SANParks chief executive David Mabunda said they believed the icon would become synonymous with football and other sports in South Africa. The kudu horn is used as an instrument to call people together for gatherings, or for battle.

"Now the Kuduzela will fulfil the same role.

"The Kuduzela will call all South Africans, international guests and soccer fans to South Africa for what is set to be a spectacular tournament in 2010 and appropriately it will be calling the ‘warring parties’ to the symbolic battlefield of soccer."

The Kudu horn, he said, emits a sound that some have called the ‘true sound of the savanna’.

"However the Kuduzela, up close and solitary, sounds like a trumpeting elephant and en masse the sound is more like a massive herd of elephants trumpeting and when there's action near the goal mouth you will hear the elephants going really crazy," said Mabunda.

A percentage of the manufacturing cost of the Kuduzela would go to a conservation project "Kids in Parks".

FNB chief executive officer Michael Jordaan said it was evident that South Africa was capable of hosting "amazing" international events, as displayed in the recent FIFA Confederations Cup 2009.

"The Kuduzela will not only give visitors a South African experience but a truly African experience as well," he said in a statement.

The Vereeniging-based Kudu Kudu plant where the Kuduzela is being produced, also manufactures injection moulded vehicle parts.

"However, the downturn in the economy and the subsequent slowdown in vehicle production, led the owners of the plant to look for innovative ways to keep the plant operational and their staff employed," said Jordaan.

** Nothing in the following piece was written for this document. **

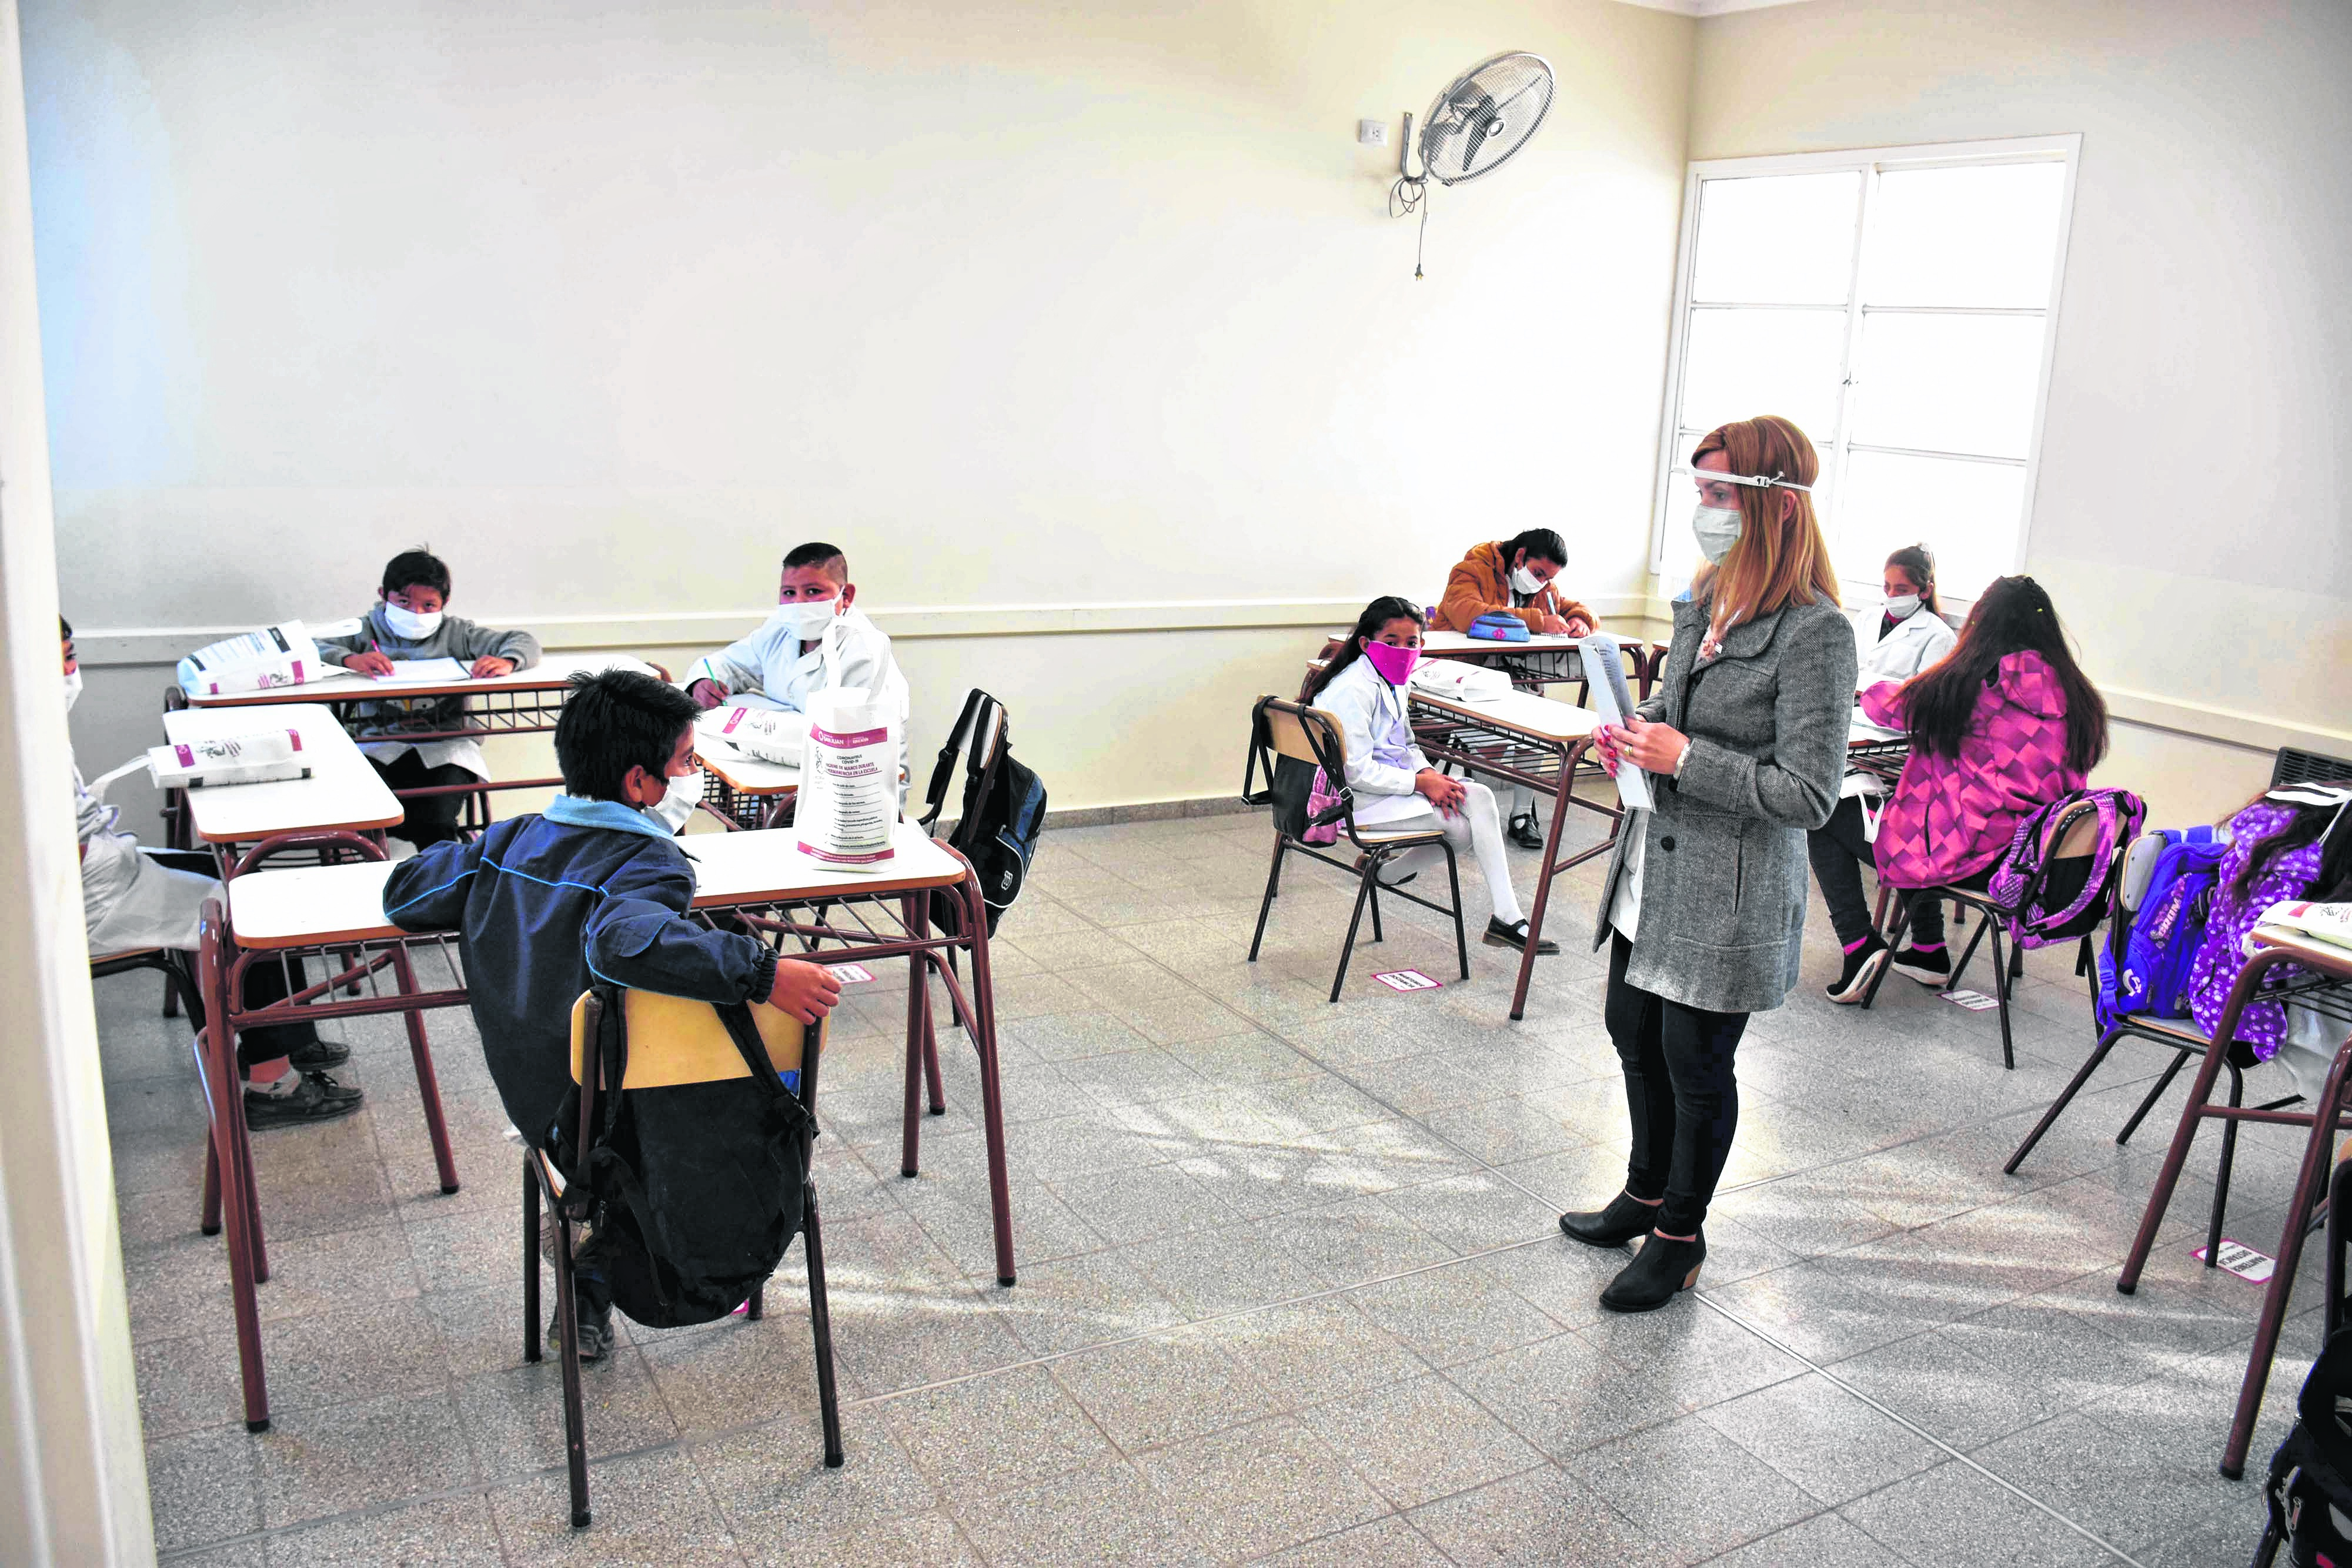 San Juan: Alumnos de todos los niveles regresan a las aulas, con estrictos protocolos sanitarios, en el marco de la pandemia Covid-19. Foto: Ruben Paratore/Télam/cgl 10082020

"Through innovation and lateral thinking, a section of the plant was adapted and a new business established to manufacture the Kuduzela, using as much recyclable plastic as possible."

Jordaan said that in the tripartite contract between the three parties, FNB had ensured that 6.24 percent of the cost of every Kuduzela produced would be contributed to SANParks for the "Kids in Parks" project .

"This will equate to more than R600 000 from the bank’s order alone," he explained.

He believed the kuduzela would take "pride of place" in many South African homes, and would be the cornerstone of future South African celebrations.